» **DIRECTIONS FOR THIS TASK**
Each line from the one containing "how to caring baby. ." through the last line of the data below is to be written out verbatim, and nothing more.

[Source records]
Start of Block

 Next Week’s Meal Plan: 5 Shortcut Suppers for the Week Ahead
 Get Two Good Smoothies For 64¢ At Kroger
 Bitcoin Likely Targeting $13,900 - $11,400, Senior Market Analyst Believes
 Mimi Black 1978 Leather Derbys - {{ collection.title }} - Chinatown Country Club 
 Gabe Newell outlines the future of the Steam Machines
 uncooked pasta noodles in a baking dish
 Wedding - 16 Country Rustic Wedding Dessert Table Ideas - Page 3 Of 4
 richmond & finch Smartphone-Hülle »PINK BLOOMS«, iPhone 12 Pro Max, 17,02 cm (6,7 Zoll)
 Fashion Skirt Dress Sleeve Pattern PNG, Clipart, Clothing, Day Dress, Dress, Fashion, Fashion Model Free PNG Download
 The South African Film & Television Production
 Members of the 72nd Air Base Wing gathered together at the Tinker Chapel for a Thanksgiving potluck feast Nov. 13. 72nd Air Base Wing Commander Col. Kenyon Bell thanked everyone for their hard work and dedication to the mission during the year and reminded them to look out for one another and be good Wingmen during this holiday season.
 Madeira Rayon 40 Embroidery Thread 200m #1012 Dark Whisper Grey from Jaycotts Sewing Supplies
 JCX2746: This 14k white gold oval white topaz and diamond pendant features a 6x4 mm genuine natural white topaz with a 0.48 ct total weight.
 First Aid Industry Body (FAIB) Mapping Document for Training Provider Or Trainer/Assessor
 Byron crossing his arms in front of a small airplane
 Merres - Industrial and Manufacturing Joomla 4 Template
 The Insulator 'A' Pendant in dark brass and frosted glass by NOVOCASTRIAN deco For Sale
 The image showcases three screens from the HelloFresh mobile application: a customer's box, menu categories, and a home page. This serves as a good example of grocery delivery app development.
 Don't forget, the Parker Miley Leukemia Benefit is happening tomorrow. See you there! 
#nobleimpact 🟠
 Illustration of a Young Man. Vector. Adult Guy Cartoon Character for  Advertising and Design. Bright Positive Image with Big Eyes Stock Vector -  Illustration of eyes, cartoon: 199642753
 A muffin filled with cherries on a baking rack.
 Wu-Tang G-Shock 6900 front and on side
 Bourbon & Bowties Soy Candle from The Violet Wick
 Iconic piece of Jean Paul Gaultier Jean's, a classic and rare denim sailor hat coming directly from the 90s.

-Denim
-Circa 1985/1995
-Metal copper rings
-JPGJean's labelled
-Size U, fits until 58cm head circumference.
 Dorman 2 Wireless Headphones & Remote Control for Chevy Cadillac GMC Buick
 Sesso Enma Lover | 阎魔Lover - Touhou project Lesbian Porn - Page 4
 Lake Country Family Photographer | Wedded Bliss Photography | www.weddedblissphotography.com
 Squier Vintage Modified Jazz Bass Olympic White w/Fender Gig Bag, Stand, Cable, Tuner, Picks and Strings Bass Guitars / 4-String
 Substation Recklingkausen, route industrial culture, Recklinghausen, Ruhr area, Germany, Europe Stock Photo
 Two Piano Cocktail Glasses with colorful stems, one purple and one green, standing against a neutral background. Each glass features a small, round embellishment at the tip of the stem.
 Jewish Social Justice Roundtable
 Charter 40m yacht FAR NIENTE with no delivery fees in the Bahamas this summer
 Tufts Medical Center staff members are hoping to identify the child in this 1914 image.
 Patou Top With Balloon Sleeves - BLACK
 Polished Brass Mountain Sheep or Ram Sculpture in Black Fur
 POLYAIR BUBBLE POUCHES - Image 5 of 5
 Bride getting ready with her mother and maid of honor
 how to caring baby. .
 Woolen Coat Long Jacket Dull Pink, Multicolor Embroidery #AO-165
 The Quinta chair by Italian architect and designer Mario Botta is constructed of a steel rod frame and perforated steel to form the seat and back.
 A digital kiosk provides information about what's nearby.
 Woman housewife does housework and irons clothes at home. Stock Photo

End of Block

» **WORKED SOLUTION**
 how to caring baby. .
 Woolen Coat Long Jacket Dull Pink, Multicolor Embroidery #AO-165
 The Quinta chair by Italian architect and designer Mario Botta is constructed of a steel rod frame and perforated steel to form the seat and back.
 A digital kiosk provides information about what's nearby.
 Woman housewife does housework and irons clothes at home. Stock Photo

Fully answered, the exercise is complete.